===== Given data =====

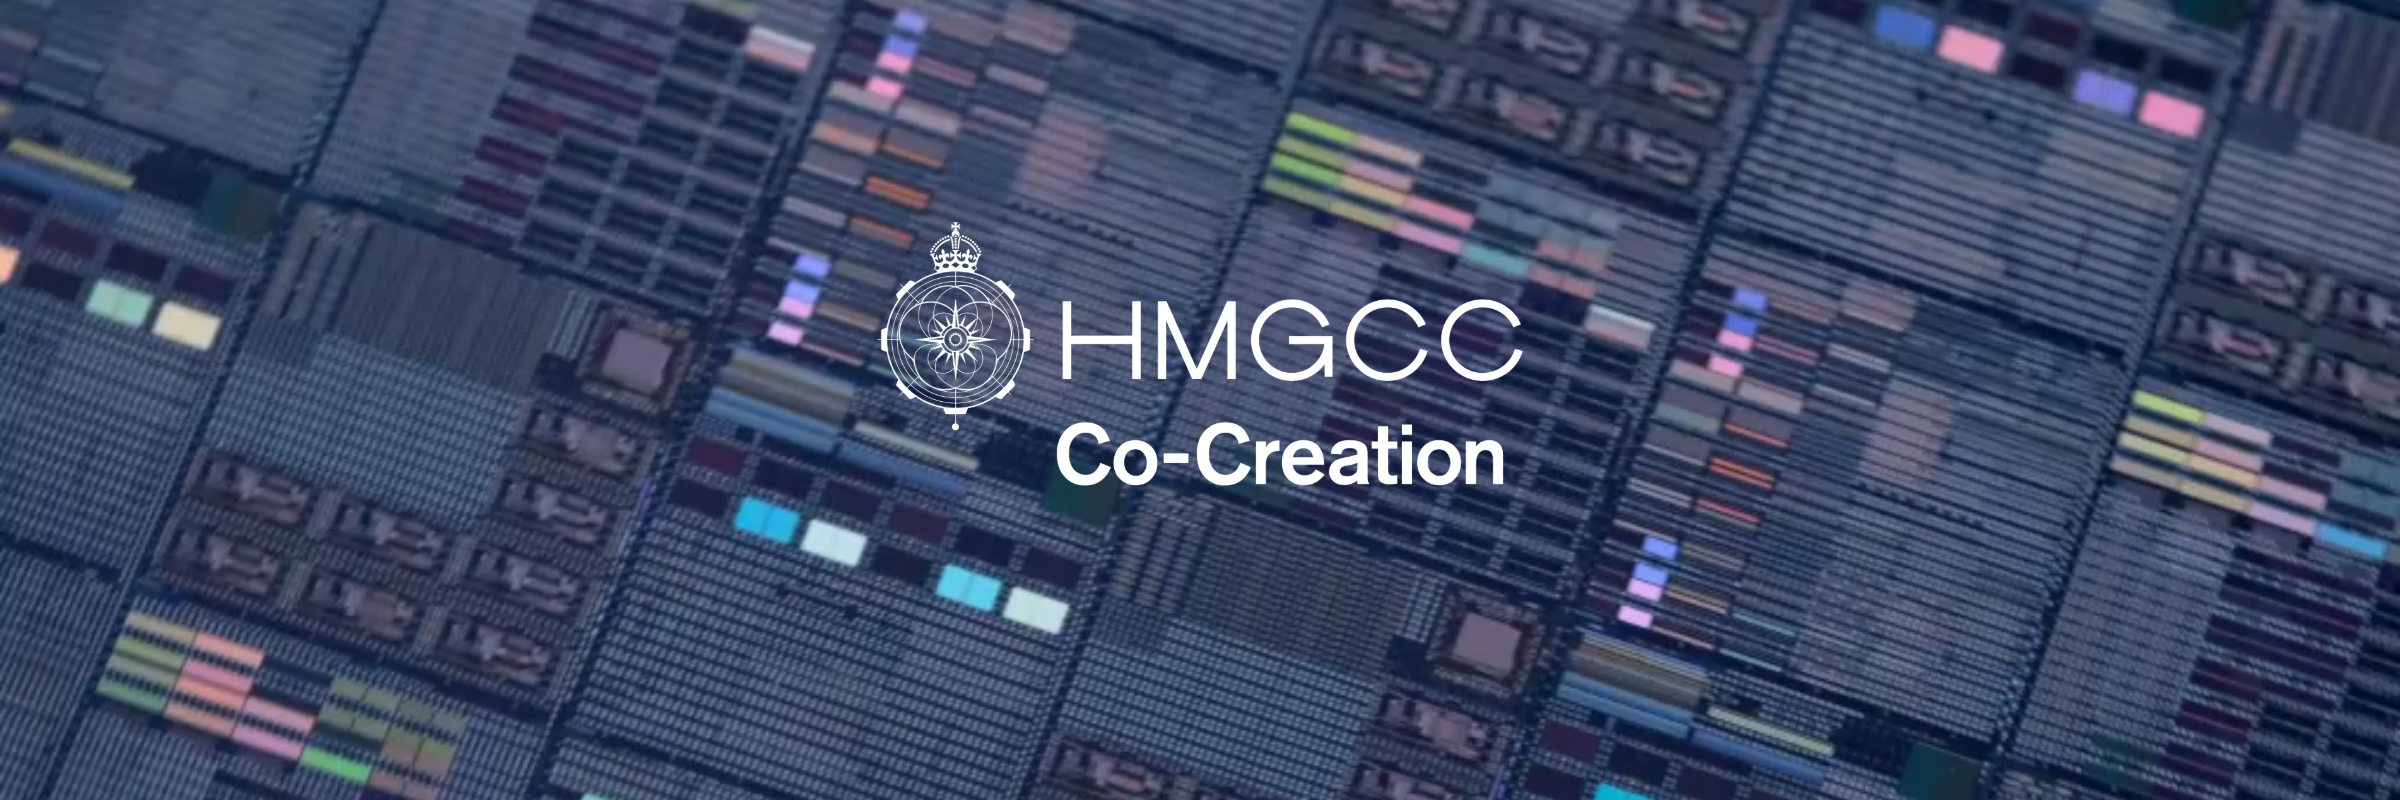 HMGCC Co-Creation logo against a backdrop of a printed circuit board
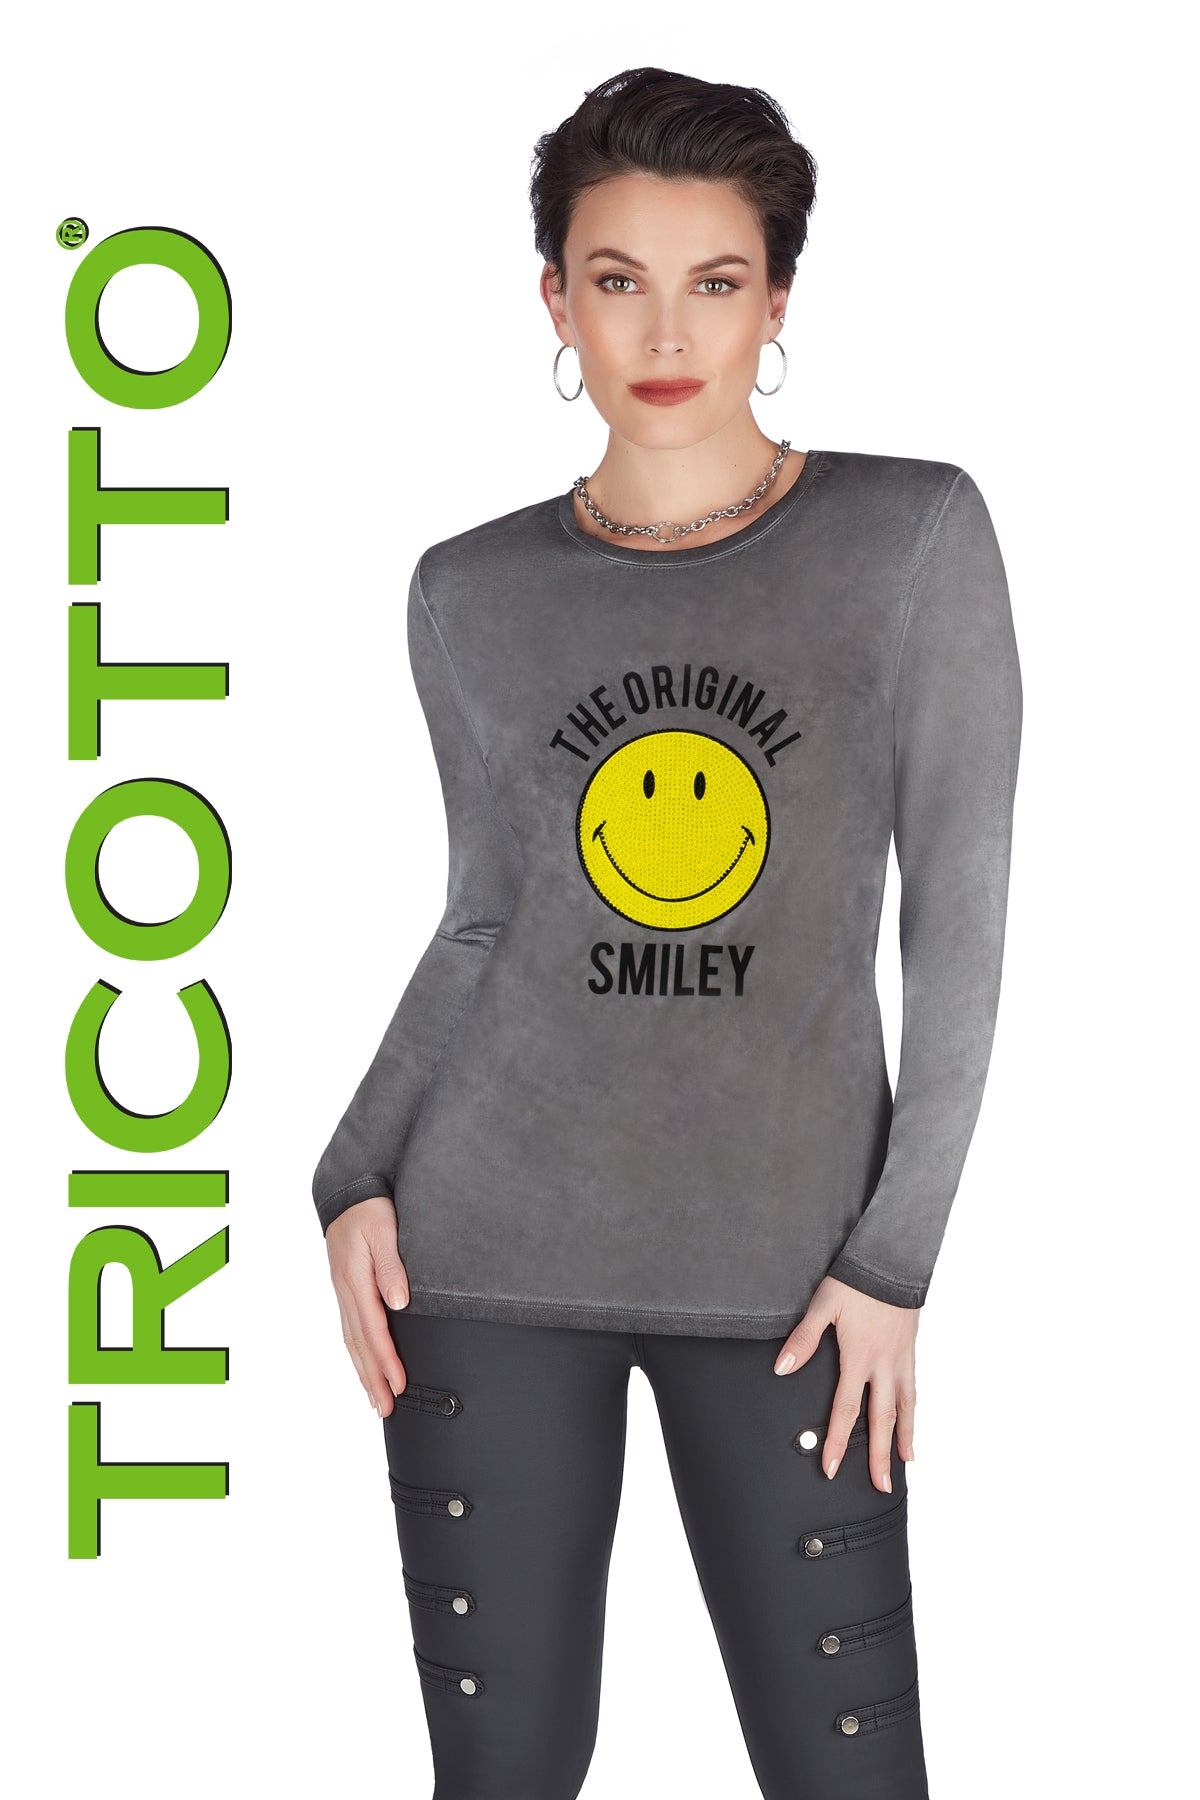 Tricotto T-shirts-Buy Tricotto Clothing Online-Tricotto Tops-Tricotto Online Shop
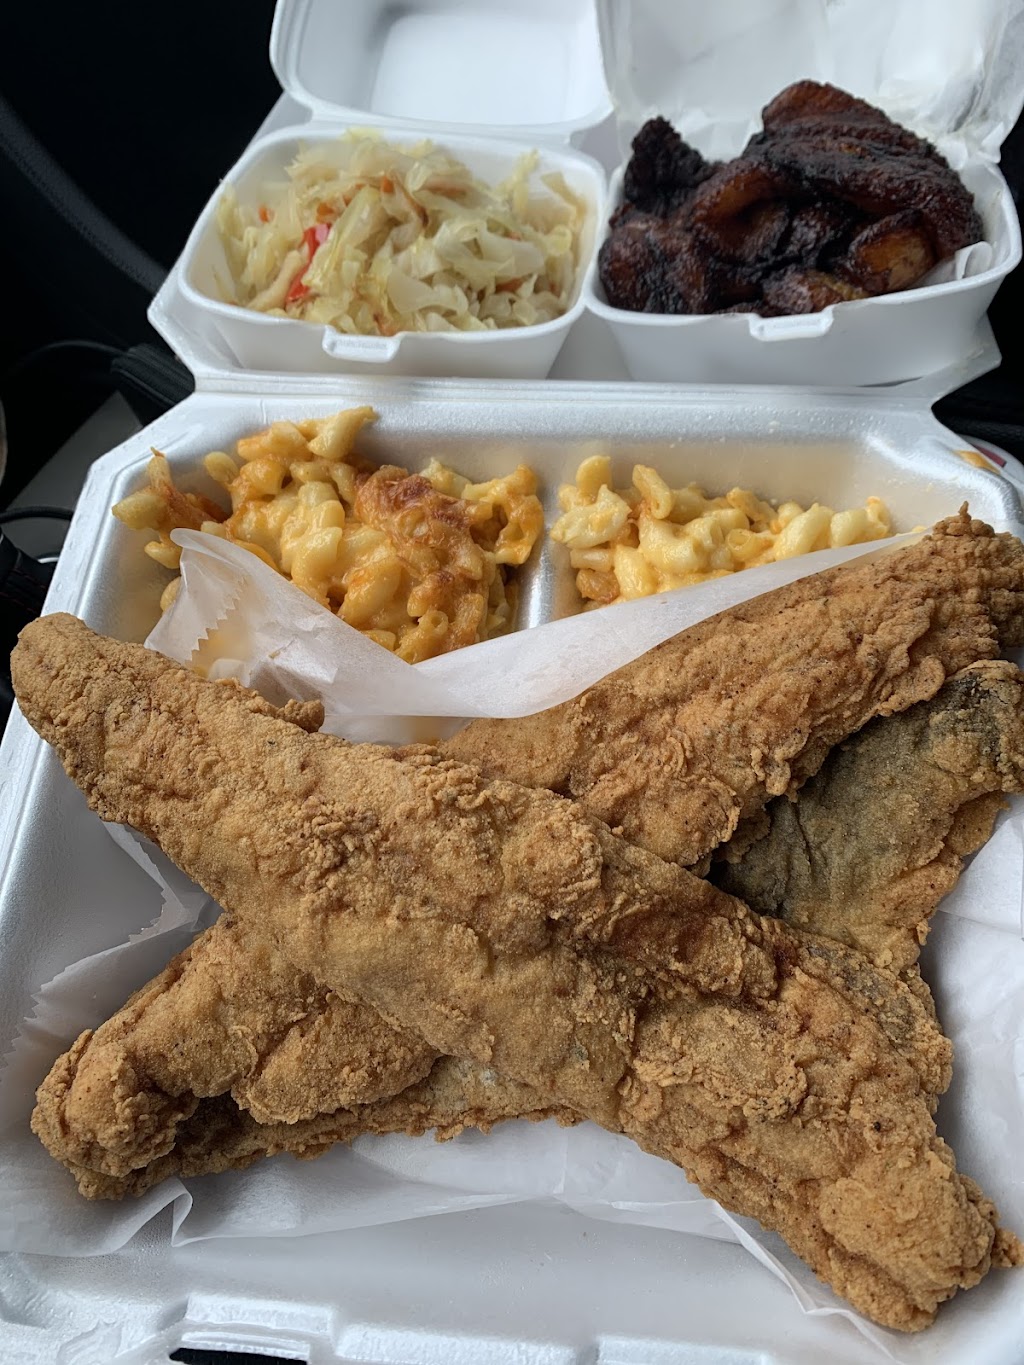 Momma Gs Soul Food and Jamaican Restaurant | 5409 N Dupont Hwy, Dover, DE 19901 | Phone: (302) 744-9090
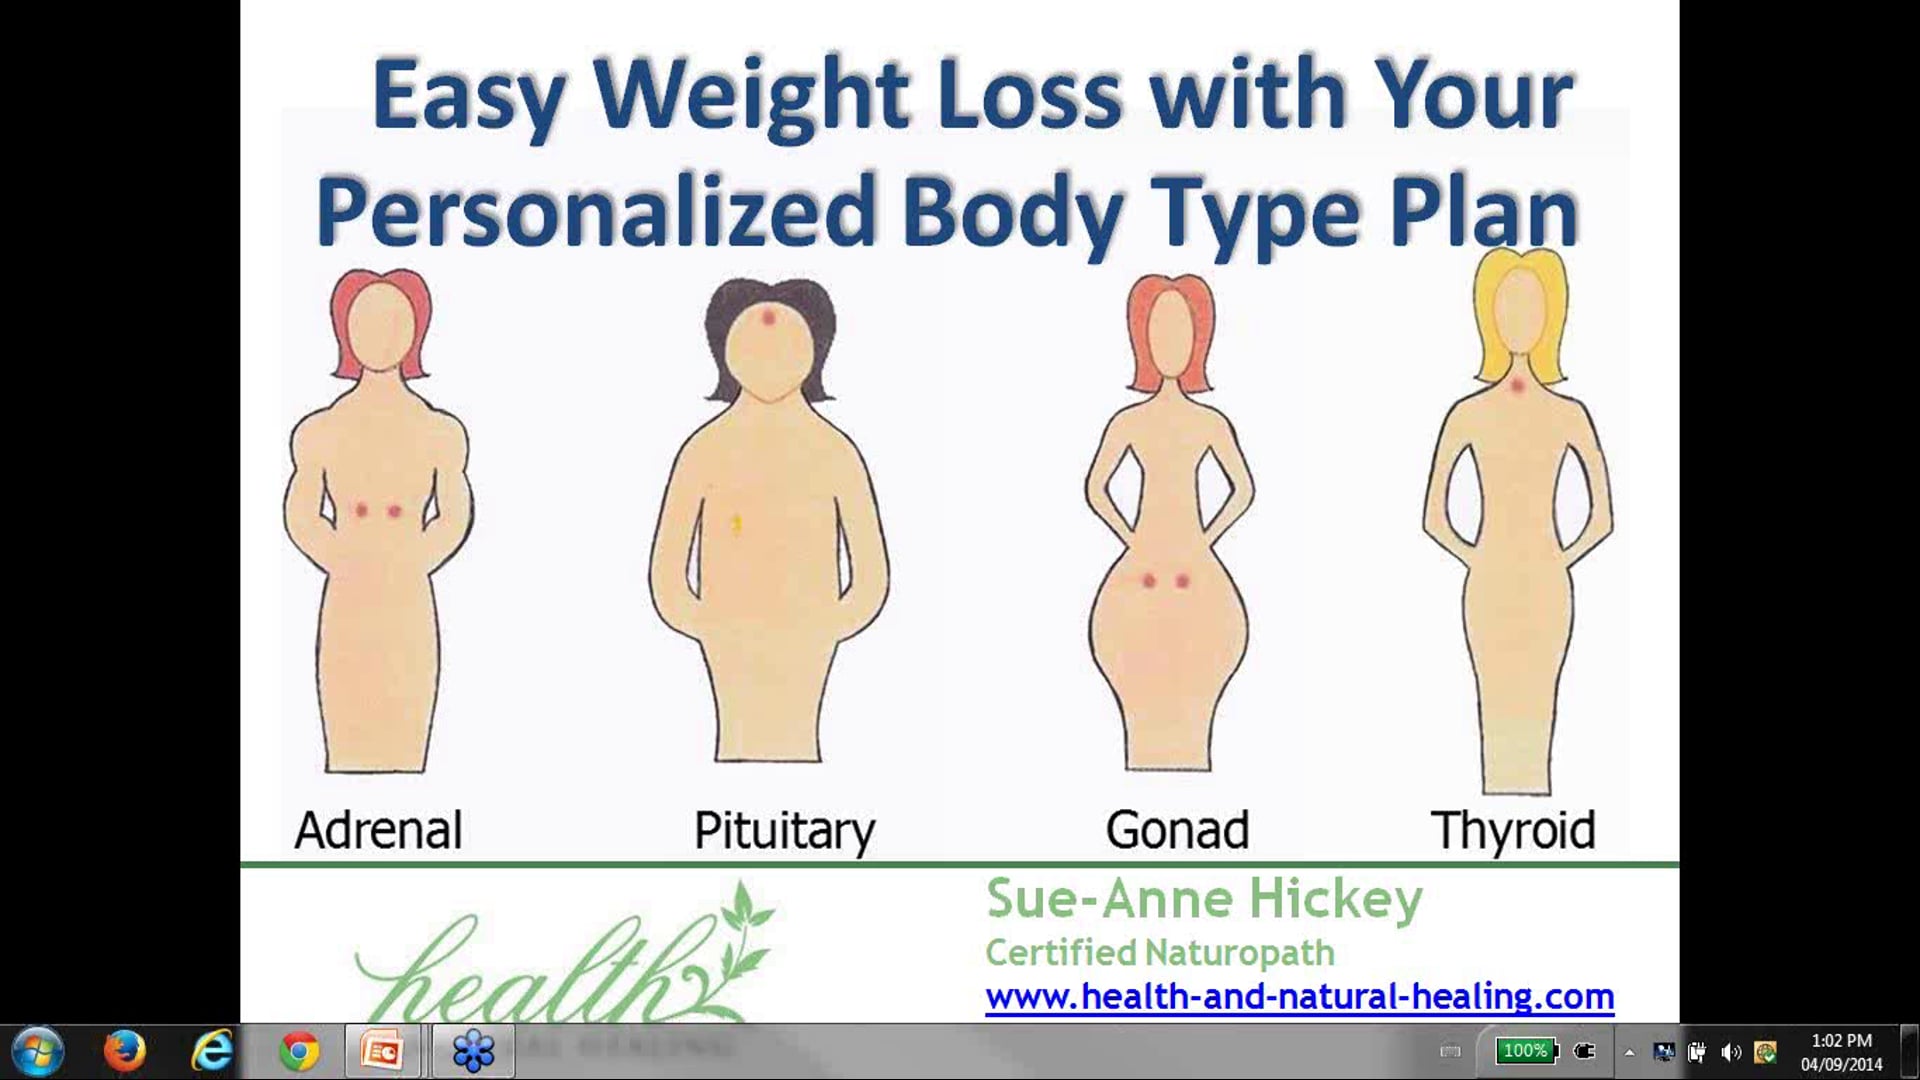 2014-09-04 13.02 Easy Weight Loss with Your Personalized Body Type Plan

=====

**Work to be completed**
The data needs to be reproduced exactly, please, apart from its pictures.

**Task output**
 HMGCC Co-Creation logo against a backdrop of a printed circuit board
 Tricotto T-shirts-Buy Tricotto Clothing Online-Tricotto Tops-Tricotto Online Shop
 Momma Gs Soul Food and Jamaican Restaurant | 5409 N Dupont Hwy, Dover, DE 19901 | Phone: (302) 744-9090
 2014-09-04 13.02 Easy Weight Loss with Your Personalized Body Type Plan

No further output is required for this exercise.